Task prompt » Only the text should come through, so restate the listing exactly and drop its images.

Provided data »
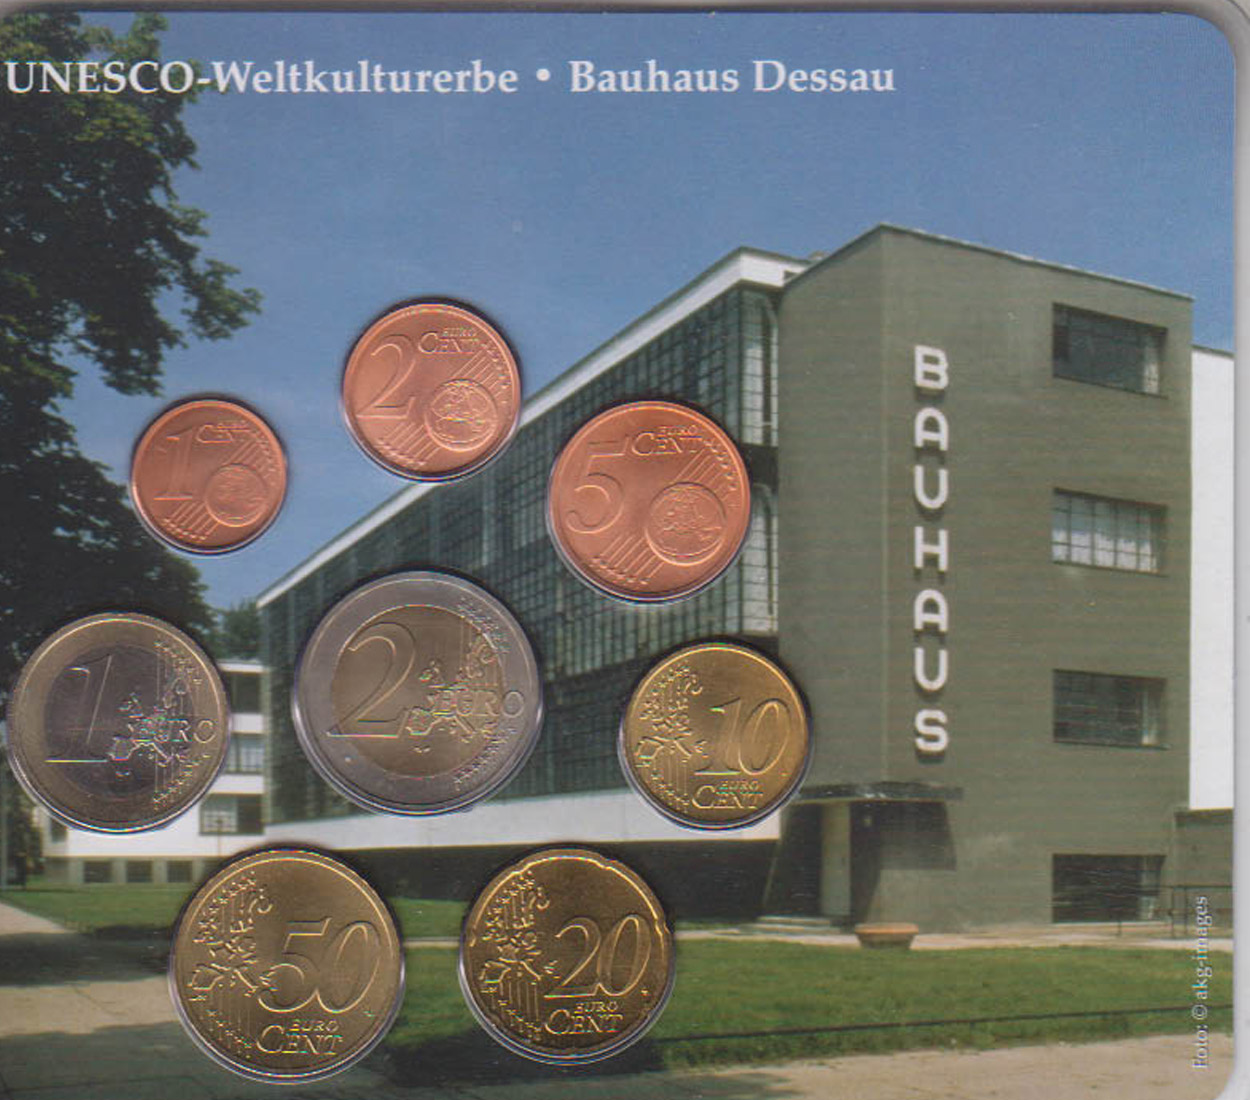  Sonder-KMS BRD mit *UNESCO-Weltkulturerbe - Bauhaus Dessau* 2003 nur 500 Stück!   
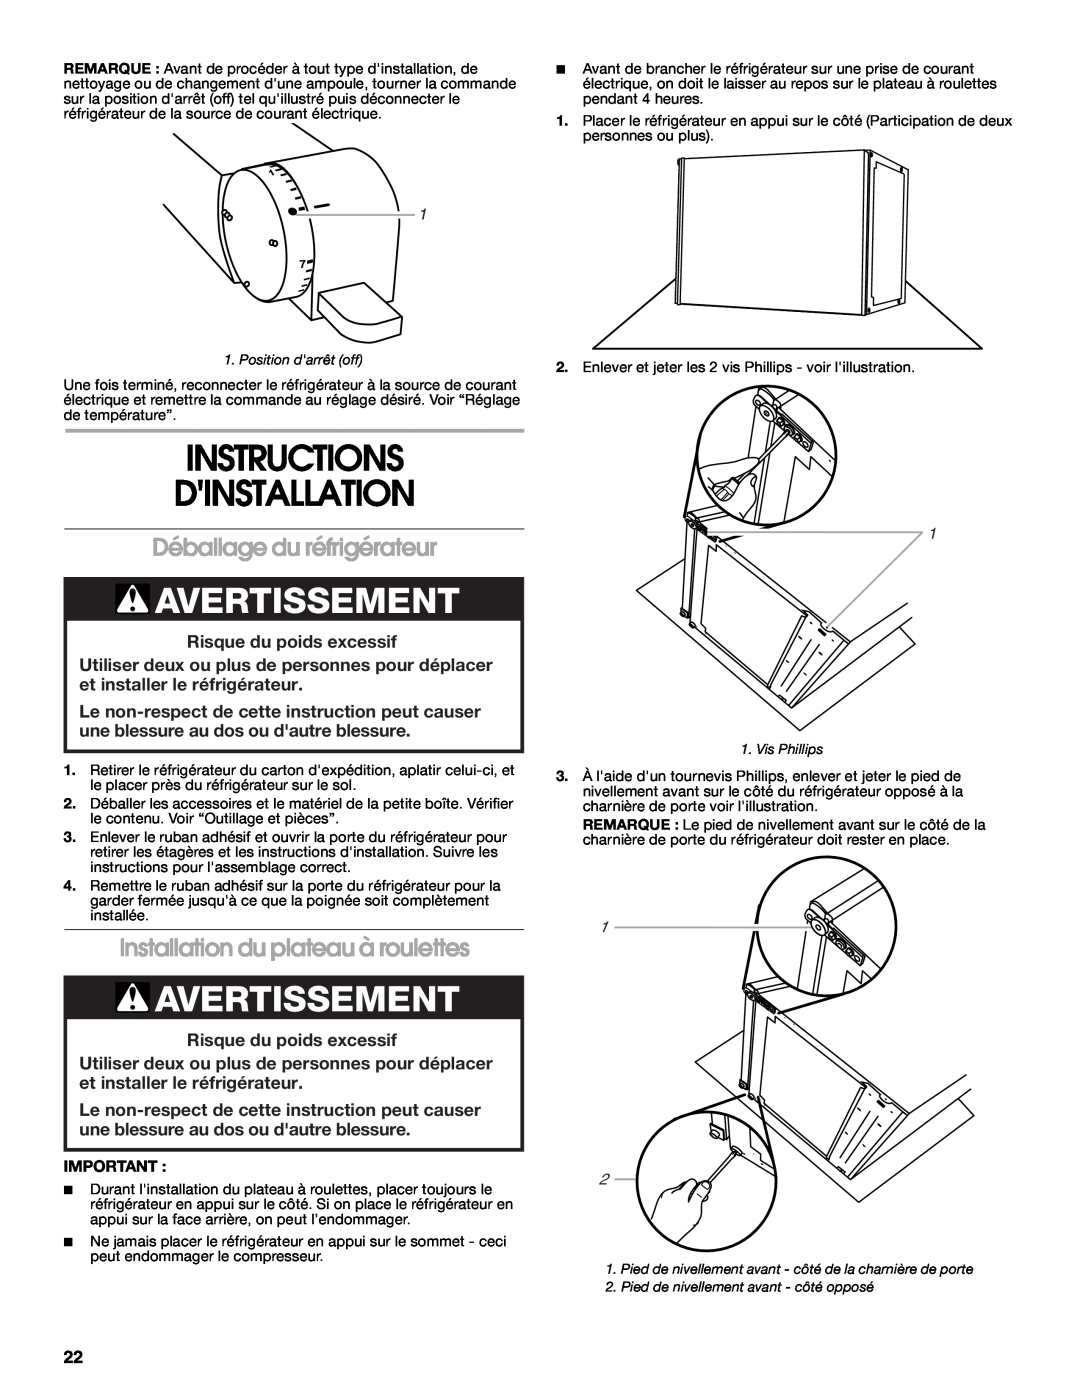 Whirlpool GARF06XXMG00 Instructions Dinstallation, Avertissement, Déballage du réfrigérateur, Risque du poids excessif 
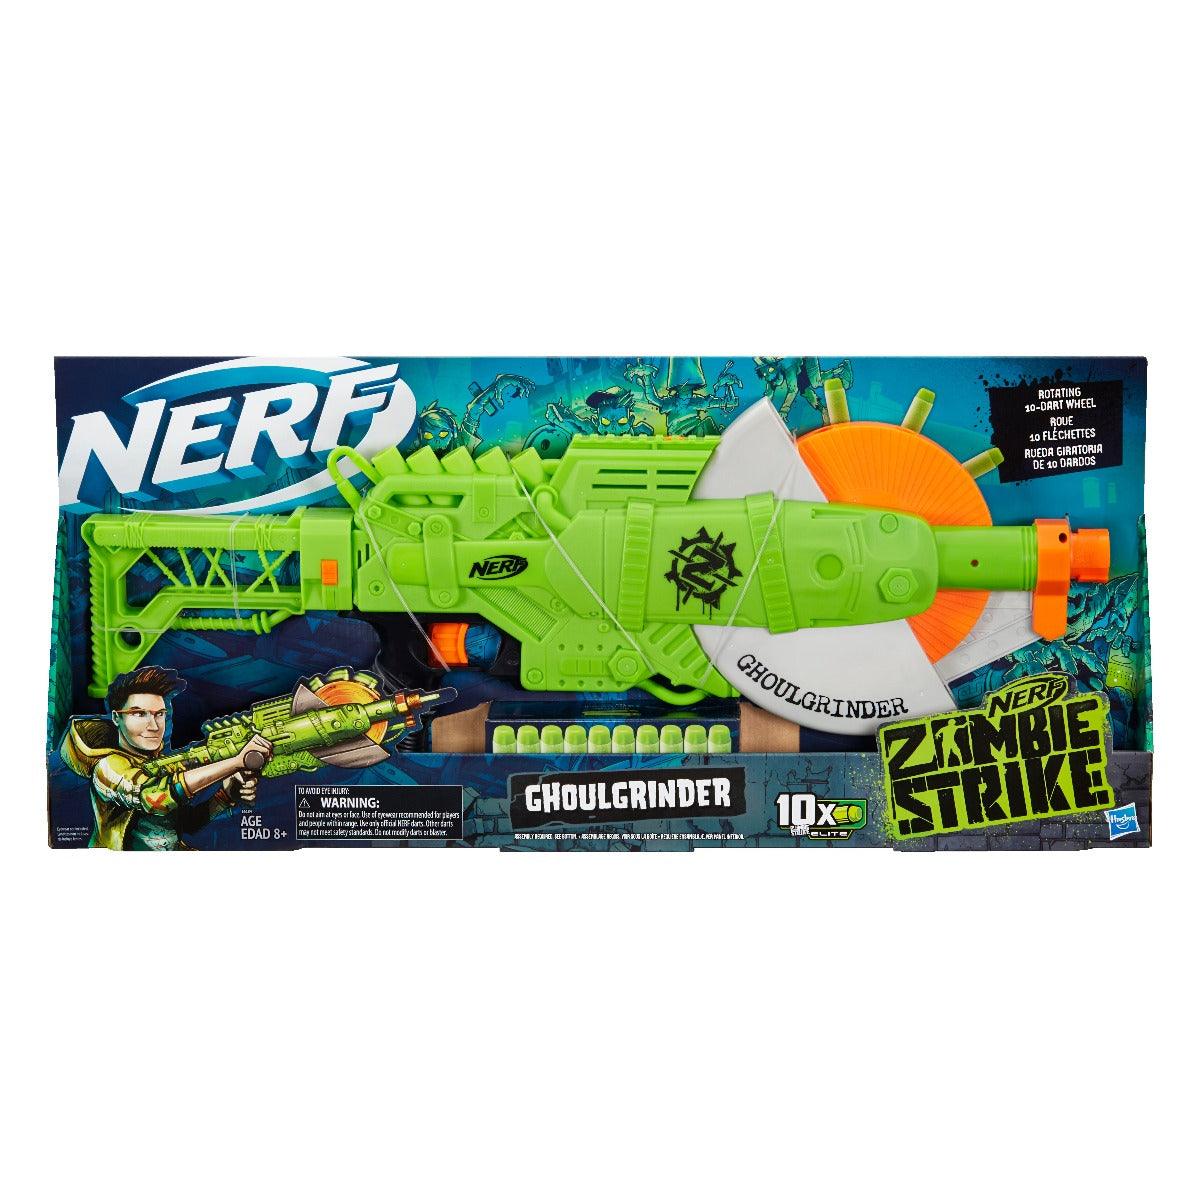 Nerf Zombie Strike Ghoulgrinder Blaster -- Rotating 10-Dart Wheel, 10 Official Nerf Zombie Strike Elite Darts -- For Kids, Teens, Adults
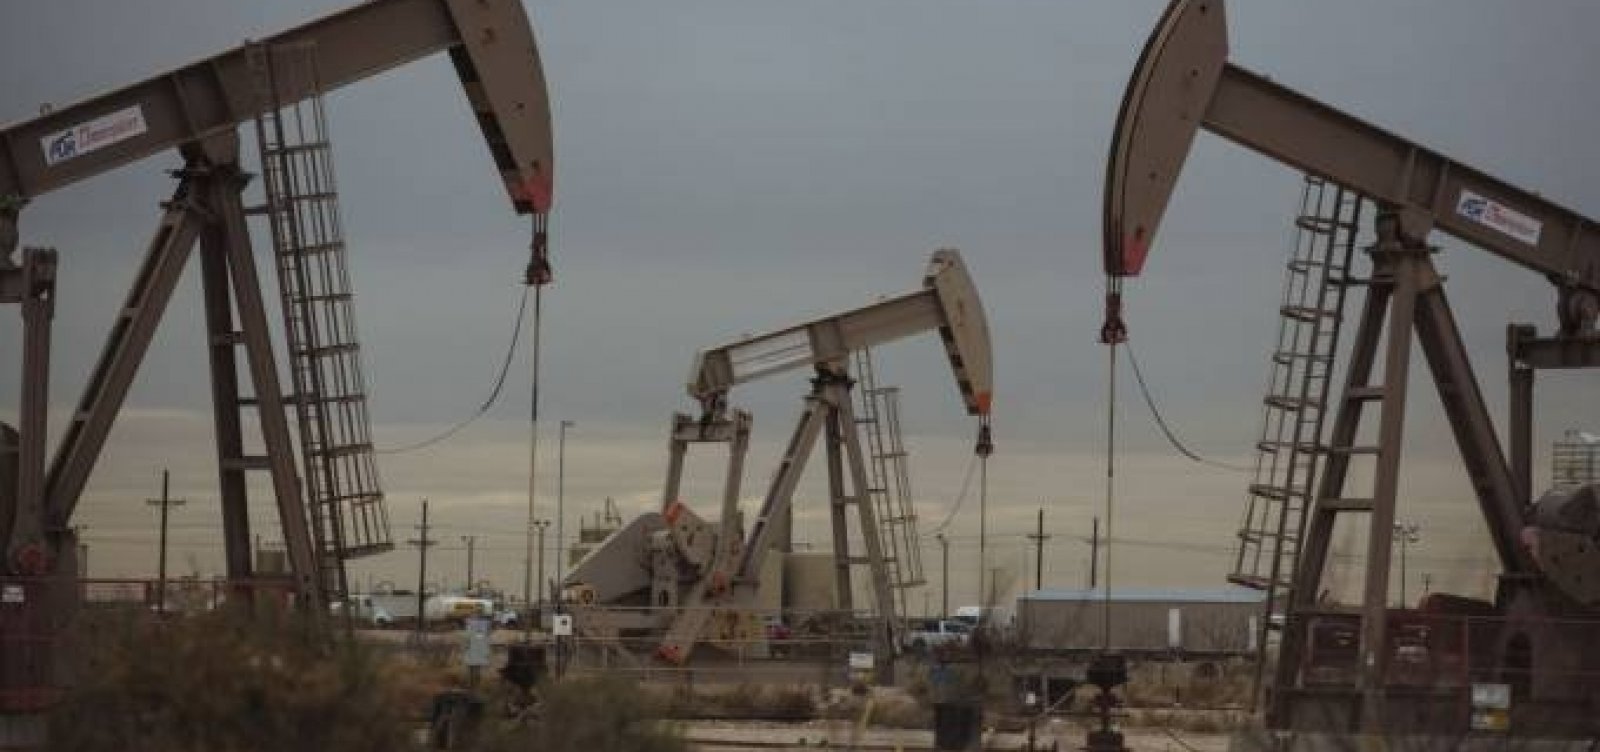 Após explosão em Beirute, preço do petróleo dispara no mercado internacional

Result »
  Sonder-KMS BRD mit *UNESCO-Weltkulturerbe - Bauhaus Dessau* 2003 nur 500 Stück!   
 Whirlpool GARF06XXMG00 Instructions Dinstallation, Avertissement, Déballage du réfrigérateur, Risque du poids excessif 
 Nerf Zombie Strike Ghoulgrinder Blaster -- Rotating 10-Dart Wheel, 10 Official Nerf Zombie Strike Elite Darts -- For Kids, Teens, Adults
 Após explosão em Beirute, preço do petróleo dispara no mercado internacional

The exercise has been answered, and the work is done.